Gary:  Seriously, Dave, Steve Guttenberg is ancient history, let alone the printing press.  The British know what they're doing in this matter. The Council of Biology Editors knows what it's doing.  Why can't the other fields "turn and face the strain. Ch-Ch-changes."

Dave: One word:  "fa-fa-fashion." You know as well as the next guy that changes come very slowly, especially in areas such as this.  Consider the metric system: You and I and the rest of America had to perform hundreds of calculations with metric in high school or college, but do you see it being used much in America?

Gary:  "Two liter bottles of pop?"

Dave:  And grams of fat or carbs on food. That's it. Actually, it's illogical that we don't use the metric system with dieting.  It sounds a whole lot better when I say that I weigh 104 (kilograms), but that's not the standard we use.

Gary:  Hmm...104 kilograms, times 2.2 pounds per kilogram . . .

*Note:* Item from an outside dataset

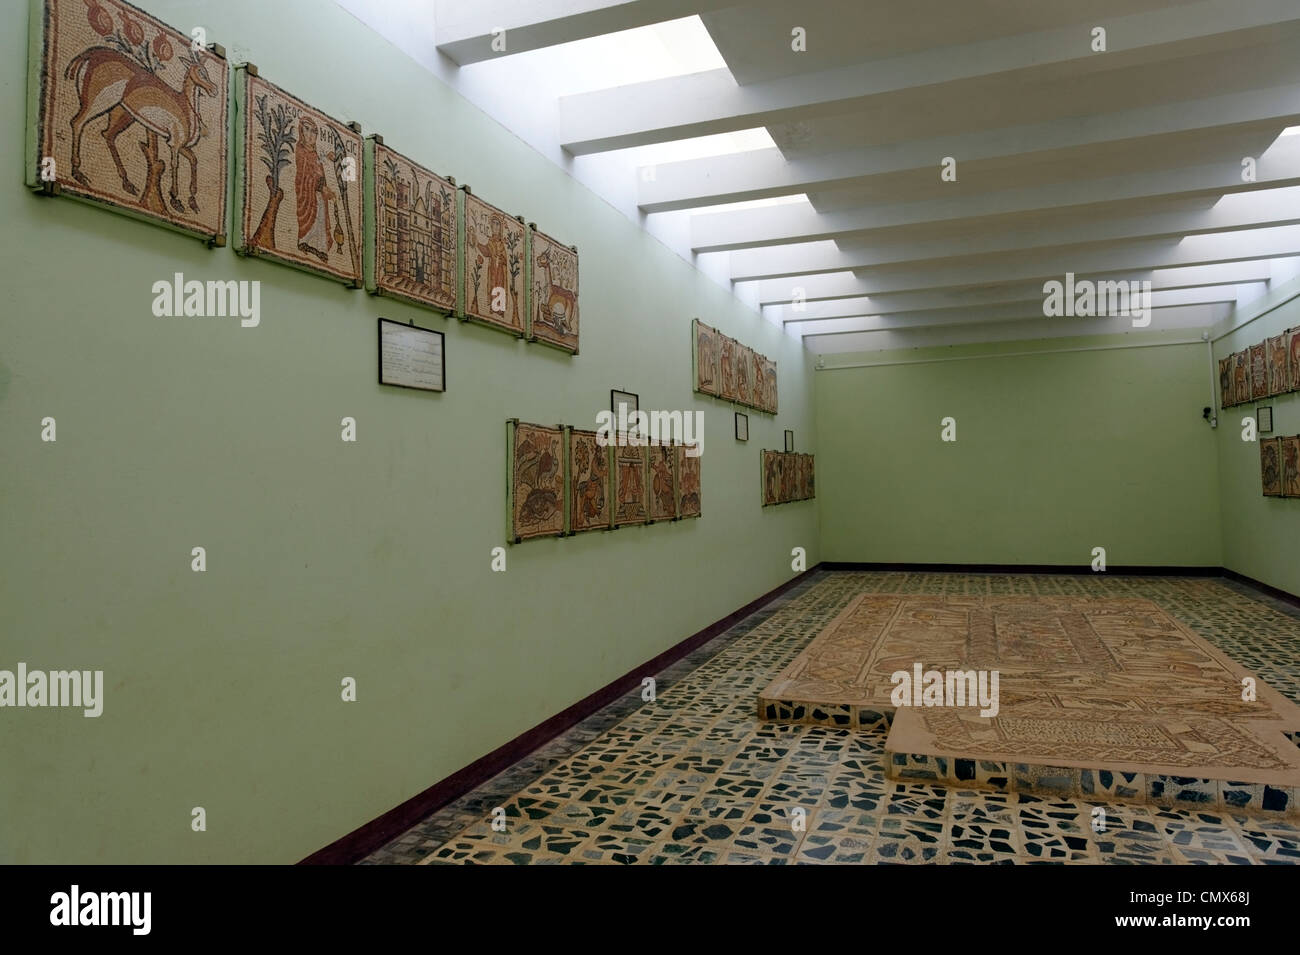 Vista interior del museo de la extraordinaria colección de mosaicos que se encontraron en la Iglesia Oriental. Foto de stock

Dave:  Don't go there, Math Boy!

Gary:  I still have faith that logic may win out. However, I still wait patiently for the bank sign to switch from Celsius back to Fahrenheit.

Dave:  Repeat after me, Gary.  Language doesn't have to follow rules or logic.  As a wise sage once said, "Chocolate cake is fattening. It just IS. Deal with it."  And, yes, we're likely to keep seeing that period inside the final quotation mark for years to come. 


References

American Psychological Association (APA). (2001). Publication manual of the American Psychological Association. Washington, D.C.: Author.

Ivey, K. (2004).  Scientific style manual aspires to international scope.  EEI Communications.  Retrieved September 27, 2004, from http://www.eeicommunications.com/eye/cbe.html

Quotation Marks. (2004). Guide to grammar and writing.  Retrieved September 27, 2004, from http://webster.commnet.edu/grammar/marks/quotation.htm#footnote

Truss, L. (2004).  Eats, shoots & leaves: The zero tolerance approach to punctuation. New York: Gotham Books.